Eternit, un film per ricordare le vittime dell'amianto

ROMA - E' la storia del rapporto tra un padre (Giorgio Colangeli) e un figlio (Marco D'Amore), che si ricuce intorno a una drammatica ingiustizia: quella di Eternit, la fabbrica che prometteva “eternità” - e che proprio da questa promessa trasse il nome per il suo prodotto – ma dispensava morte. “Un posto sicuro”, di Francesco Ghiaccio e Marco D'Amore (Indiana production), uscirà presto al cinema: le riprese sono terminate a febbraio, a Casale Monferrato. E' la storia di una vita spezzata, quella di un uomo ormai anziano, migrato dal sud al nord, abbagliato dalla lucentezza di quella promessa e dall'imponenza di quella fabbrica che, invece, lo avrebbe avvelenato. 

Una delle quasi 2 mila vite spezzate, soltanto a Casale Monferrato e nella provincia di Alessandria: veri e propri omicidi, prescritti e rimasti impuniti. Nessuno ha pagato, nessuno è stato risarcito. La Corte di Cassazione, il 23 febbraio scorso, ha tolto alle famiglie anche l'ultima speranza: quella di vedere i colpevoli puniti e la morte dei proprio cari riconosciuta come crimine. Perché l'amianto, oggi si sa, uccide: circa centomila le sue vittime ogni anno nel mondo, secondo l'Organizzazione mondiale della Sanità. E si prevede che il picco massimo di morti ci sarà nei prossimi anni, tra il 2015 e il 2020. Se ne torna a parlare oggi, in occasione della giornata mondiale per la sicurezza del Lavoro, ma anche delle vittime dell'amianto: che sono, queste ultime, circa 4 mila ogni anno, soltanto in Italia, secondo i dati del Registro Nazionale Mesotelioma di Inail. 

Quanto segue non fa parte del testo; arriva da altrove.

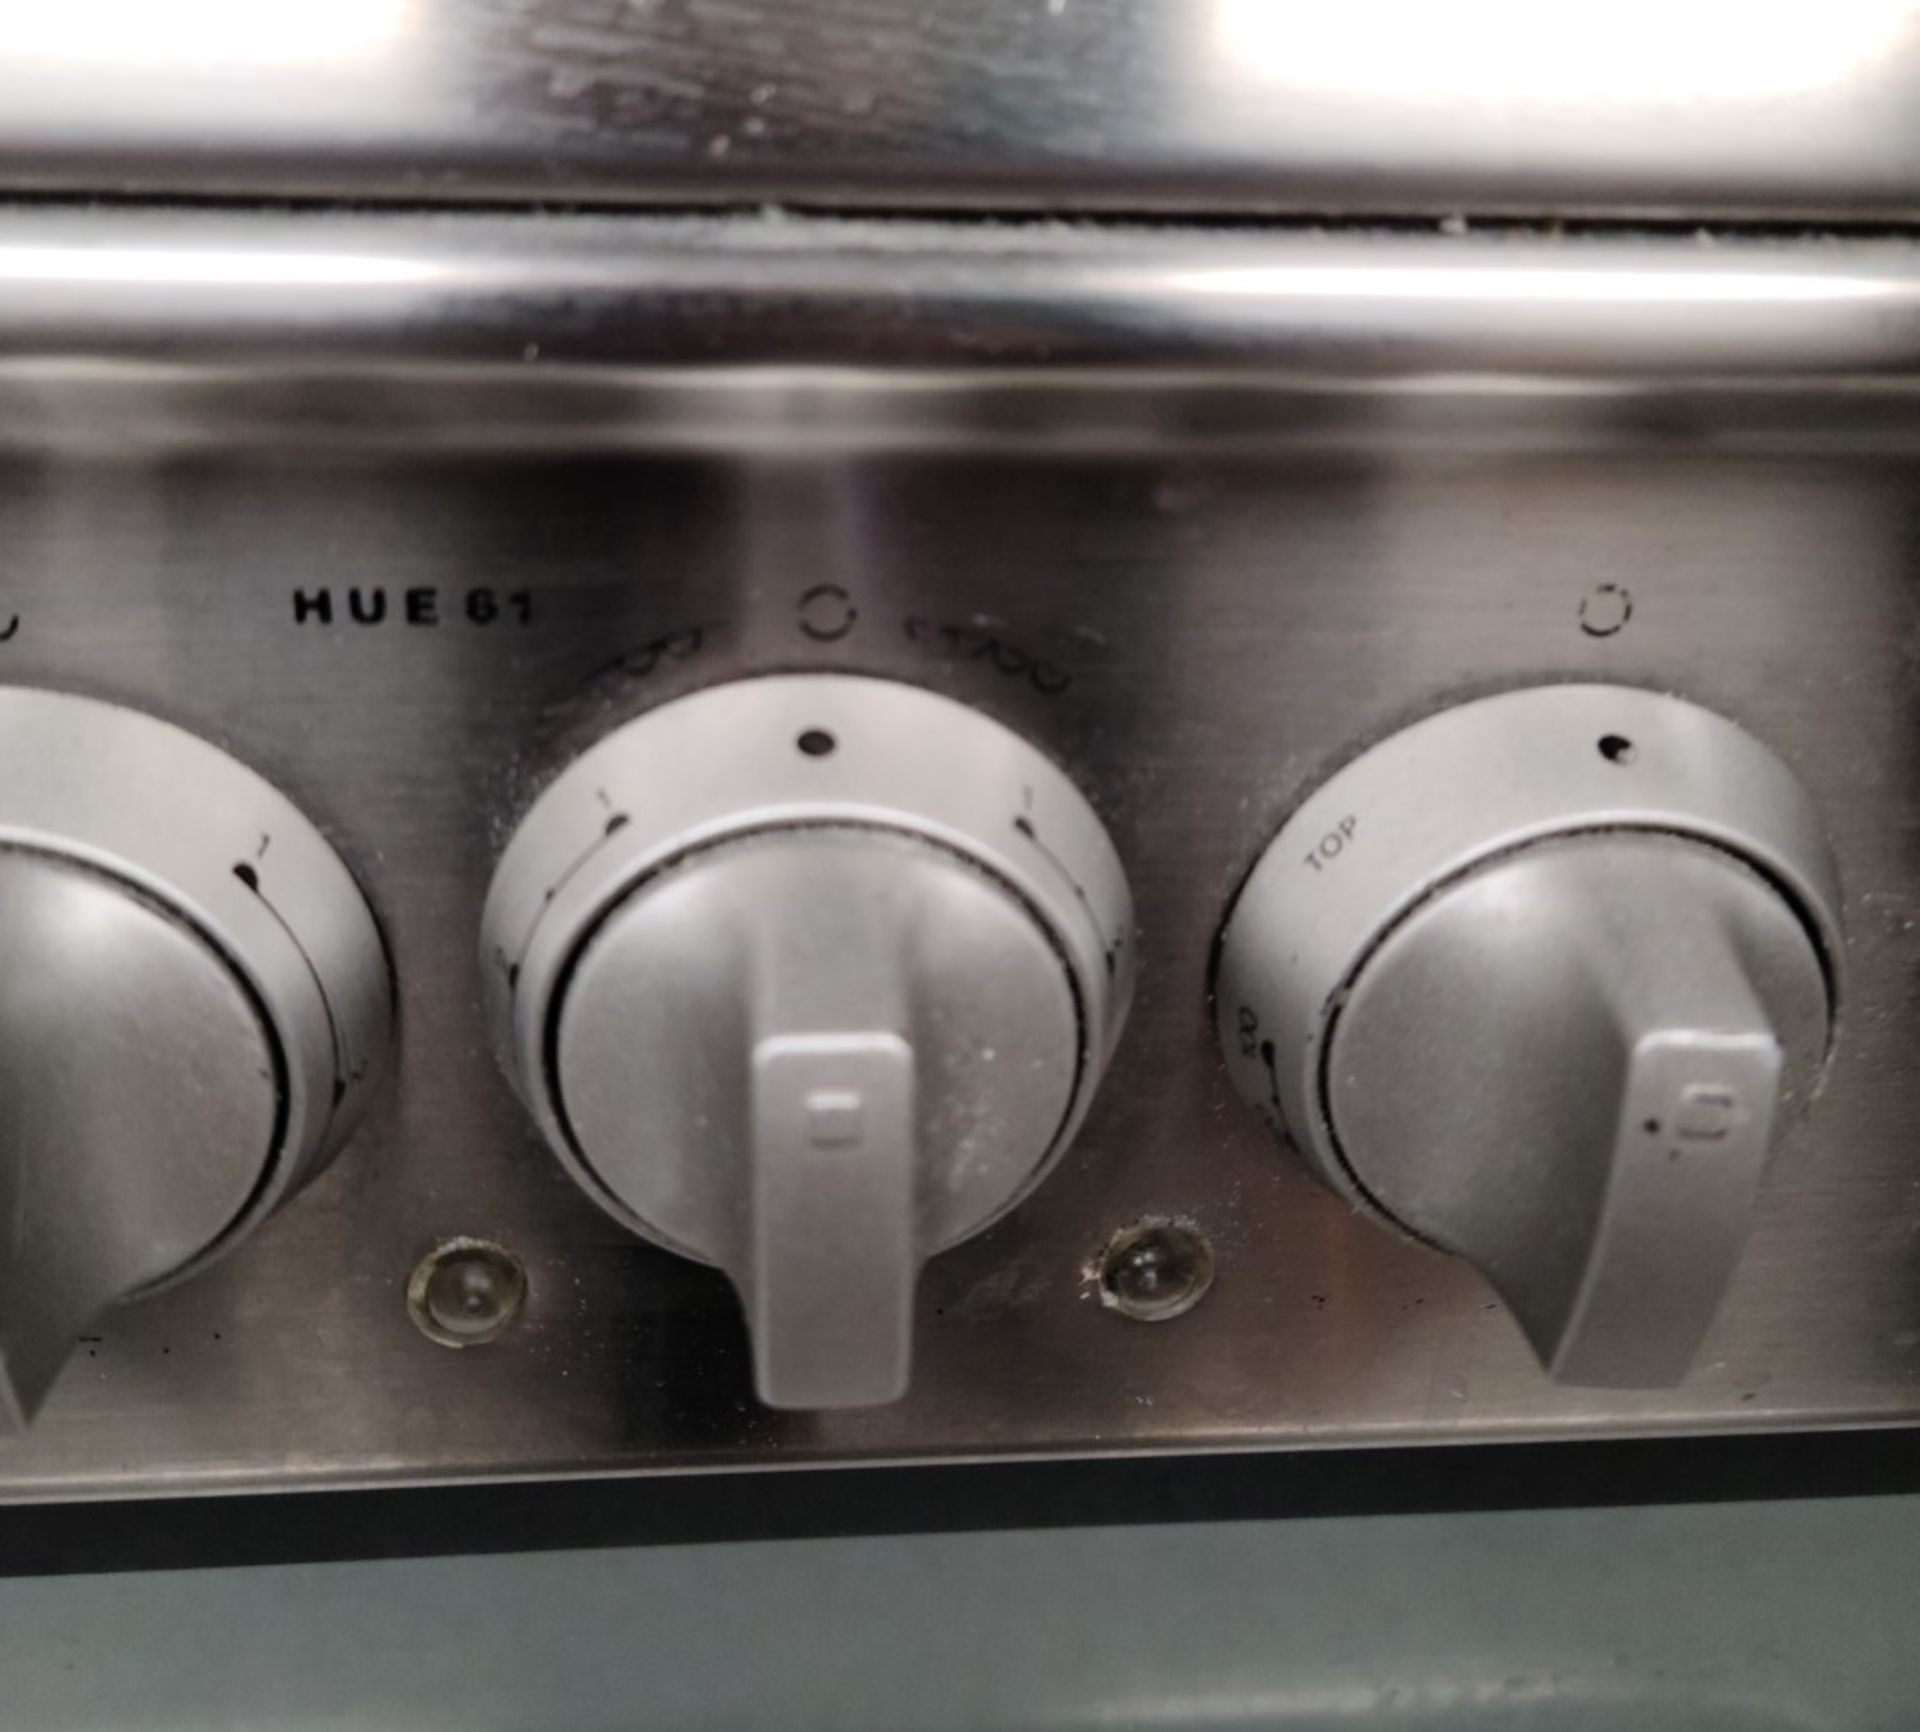 1 x HOTPOINT HUI611X Electric Cooker In Stainless Steel With Electric Fan & Conventional Oven - Image 4 of 9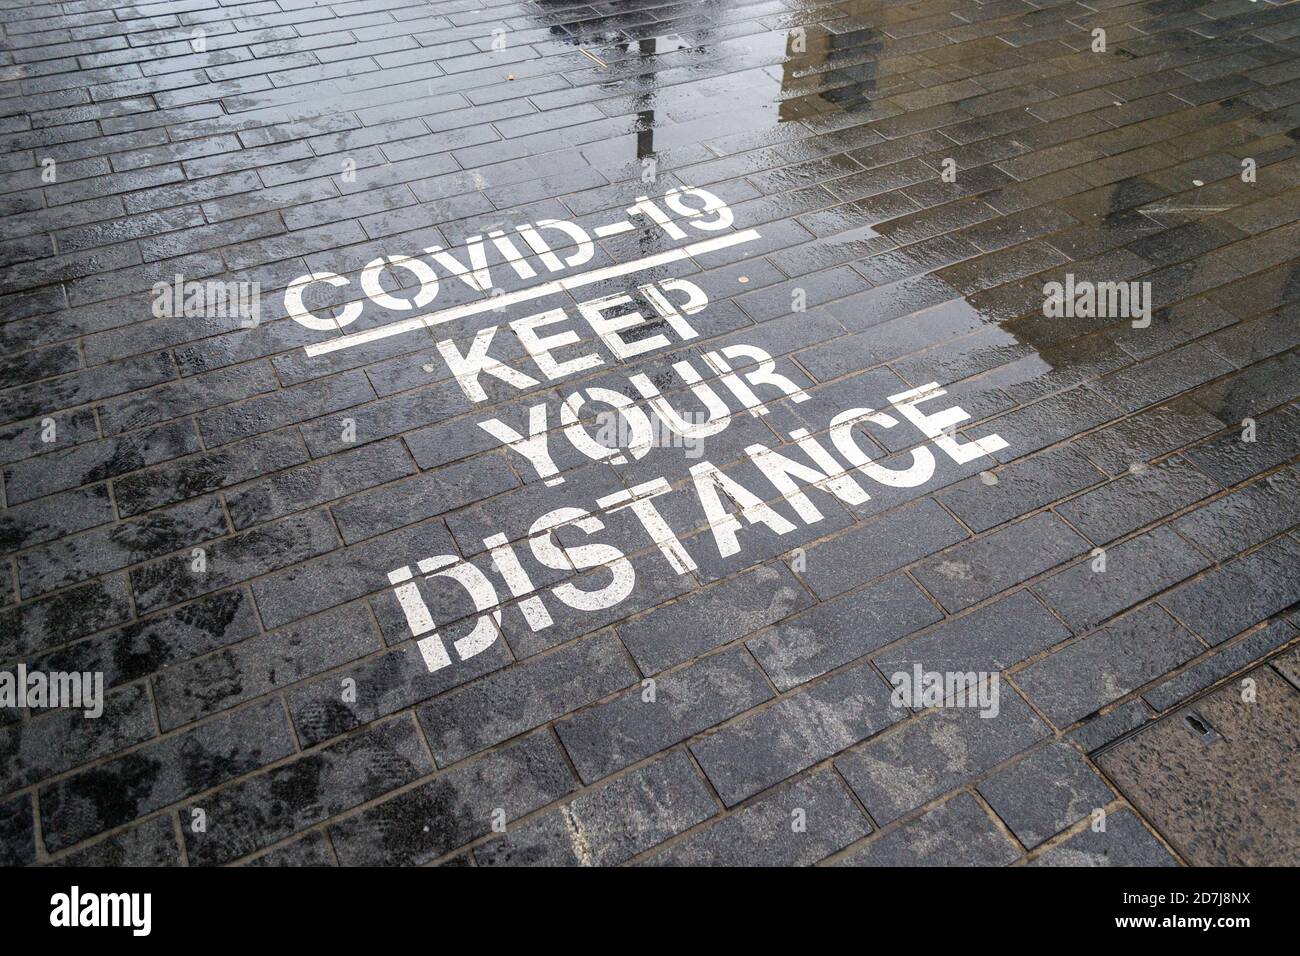 Covid-19 Keep Your Distance stenciled Road sign, Social Distancing, Birmingham, UK Stockfoto

Una vera tragedia collettiva, che “Un posto sicuro” prova a raccontare, attraverso gli ultimi giorni di vita di un operaio ormai molto malato, che fino all'ultimo chiederà giustizia, insieme ai suoi colleghi di un tempo, o alle famiglie di quelli che non ci sono più, uccisi prima di lui dalle scorie che hanno respirato. Le battaglie di Casale Monferrato e dei suoi cittadini sono sullo sfondo, mentre la narrazione si concentra sul rapporto tra Luca e suo padre, che rinasce proprio intorno all'attesa di una morte inevitabile: una morte dolorosa, preceduta da molte agonie, perché così si muore di amianto. Luca fa il pagliaccio alle feste: vive distante dal padre, non sa nulla della sua malattia, non c'è rapporto tra i due. Poi, un giorno, una crisi forte, una telefonata dall'ospedale e la presa di coscienza: Luca si trasforma in un pagliaccio triste, perde l'orientamento di fronte alla potenza di quel che sta accadendo: come un vortice, irrompe nella sua esistenza la vita del padre, il suo passato da operaio, con la fabbrica che da “mamma” si trasforma in matrigna, o in vero e proprio mostro. Da quel momento, Luca sceglie di stare accanto al padre, condividendone le sofferenze, le memorie e le battaglie. Perché Eternit era un inganno, non era il “posto sicuro” che sembrava e a cui in tanti, a Monferrato, avevano brindato. Ed è questo il dramma che il film porta sullo schermo: quello di un operaio e di mille operai, arrivati da tutta Italia richiamati dal bagliore di quella fabbrica e poi condannati a morte proprio da lei, a cui si erano consegnati senza riserve. Luca, alla fine, non sarà più un pagliaccio, ma un attore drammatico che veste i panni di suo padre chiede giustizia al posto suo e di tutti quelli che non possono più chiederla.